Examples for using backbone sequences:

  • Example 1: assume you have a genome of an existing organism. From that, a mutant has been made by mutagenesis and you are skimming the genome in shotgun mode for mutations. You would generate for this a straindata file that gives the name of the mutant strain to the newly sequenced reads and simply assemble those against your existing genome, using the following parameters:

    -SB:lsd=yes:lb=yes:bsn=nameOriginalStrain:bft=caf|fasta|gbf

    When loading backbones from CAF, the qualities of the consensus bases will be calculated by mira according normal consensus computing rules.

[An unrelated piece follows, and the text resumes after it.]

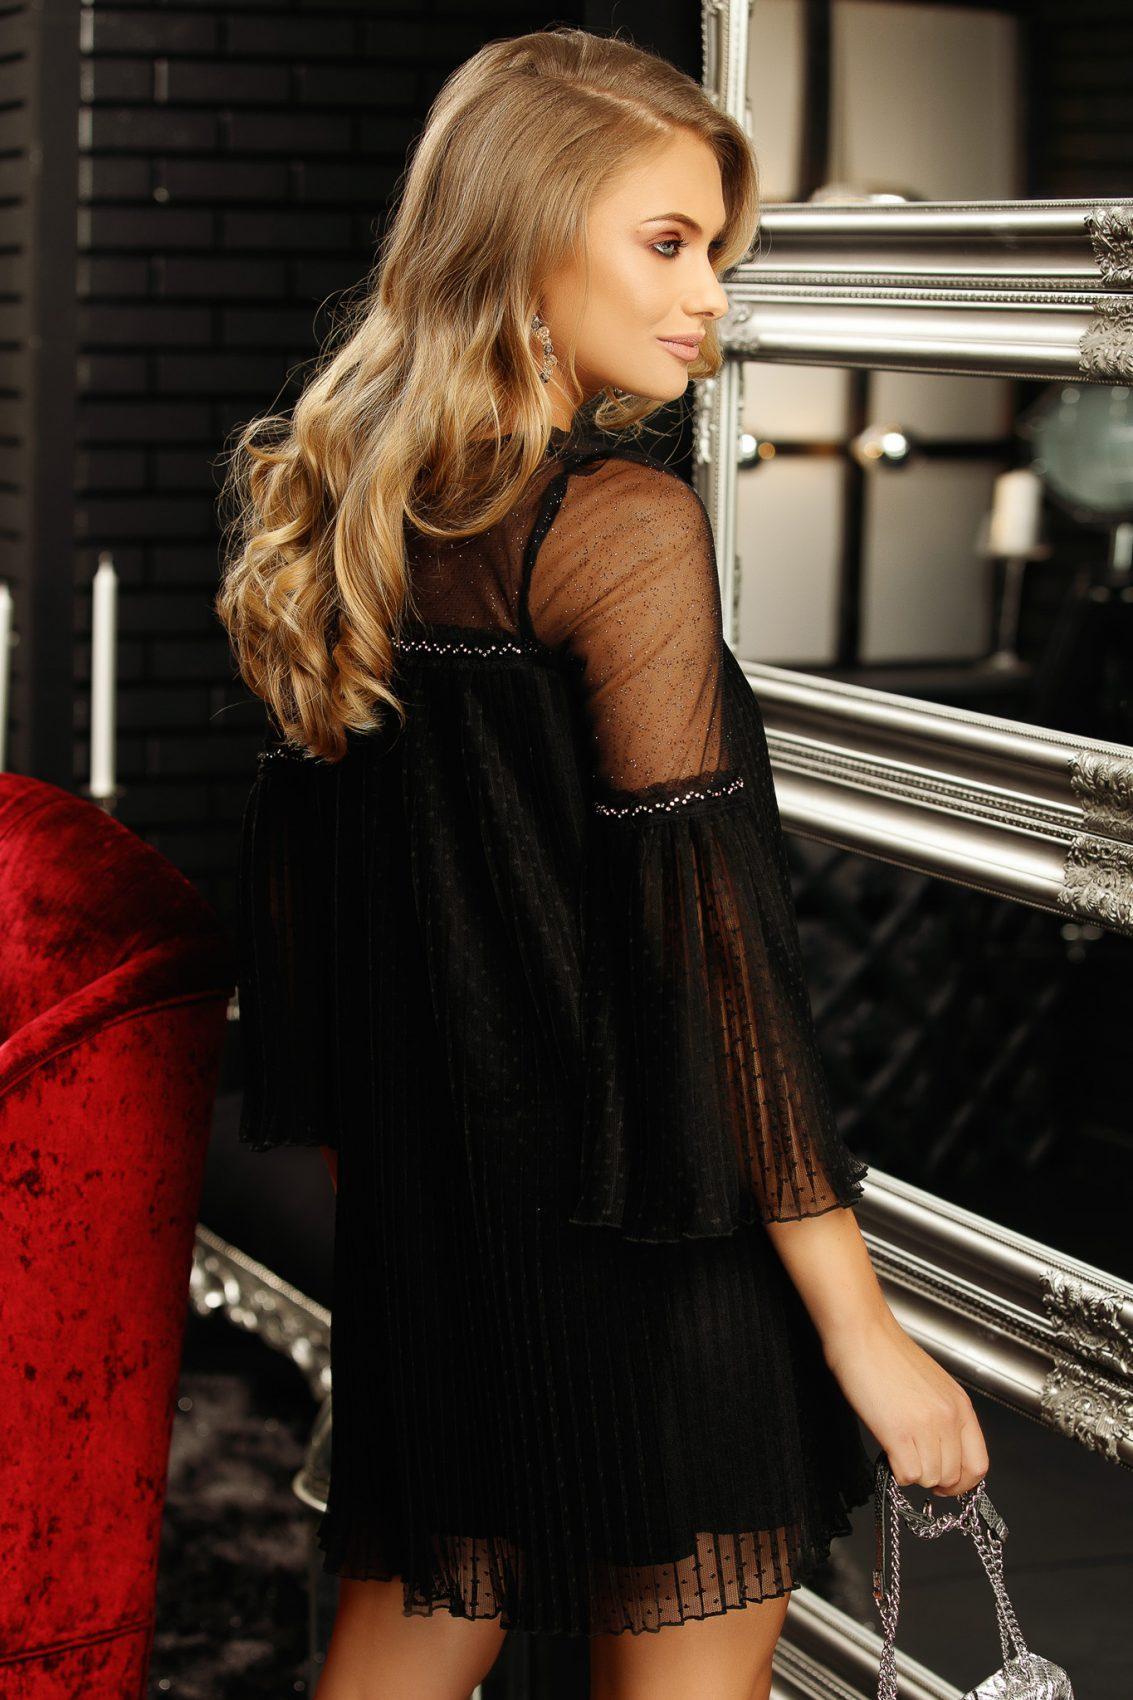 Lorelai Mini Μαύρο Φόρεμα 5322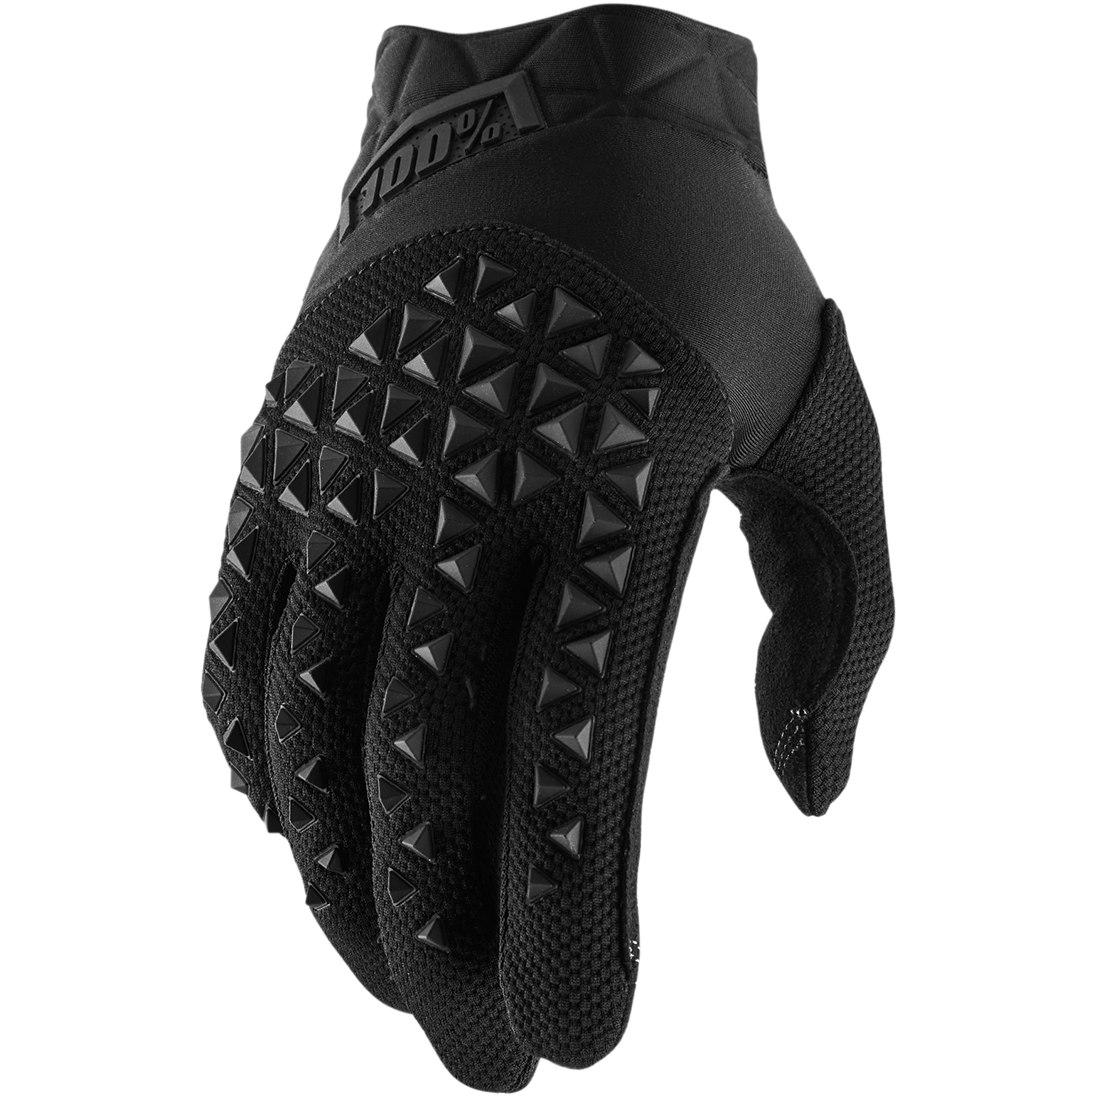 100% Airmatic Guantes - black/charcoal

When loading backbones from FASTA or GBF, one can set the expected overall quality of the sequences (e.g. 1 error in 1000 bases = quality of 30) with [-SB:bbq=30]. It is recommended to have the backbone quality at least as high as the [-CO:mgqrt] value, so that mira can automatically detect and report SNPs.

  • Example 2: suppose that you are in the process of performing a shotgun sequencing and you want to determine the moment when you got enough reads. One could make a complete assembly each day when new sequences arrive. However, starting with genomes the size of a lower eukaryote, this may become prohibitive from the computational point of view. A quick and efficient way to resolve this problem is to use the CAF file of the previous assembly as backbone and simply add the new reads to the pool. The number of singlets remaining after the assembly versus the total number of reads of the project is a good measure for the coverage of the project.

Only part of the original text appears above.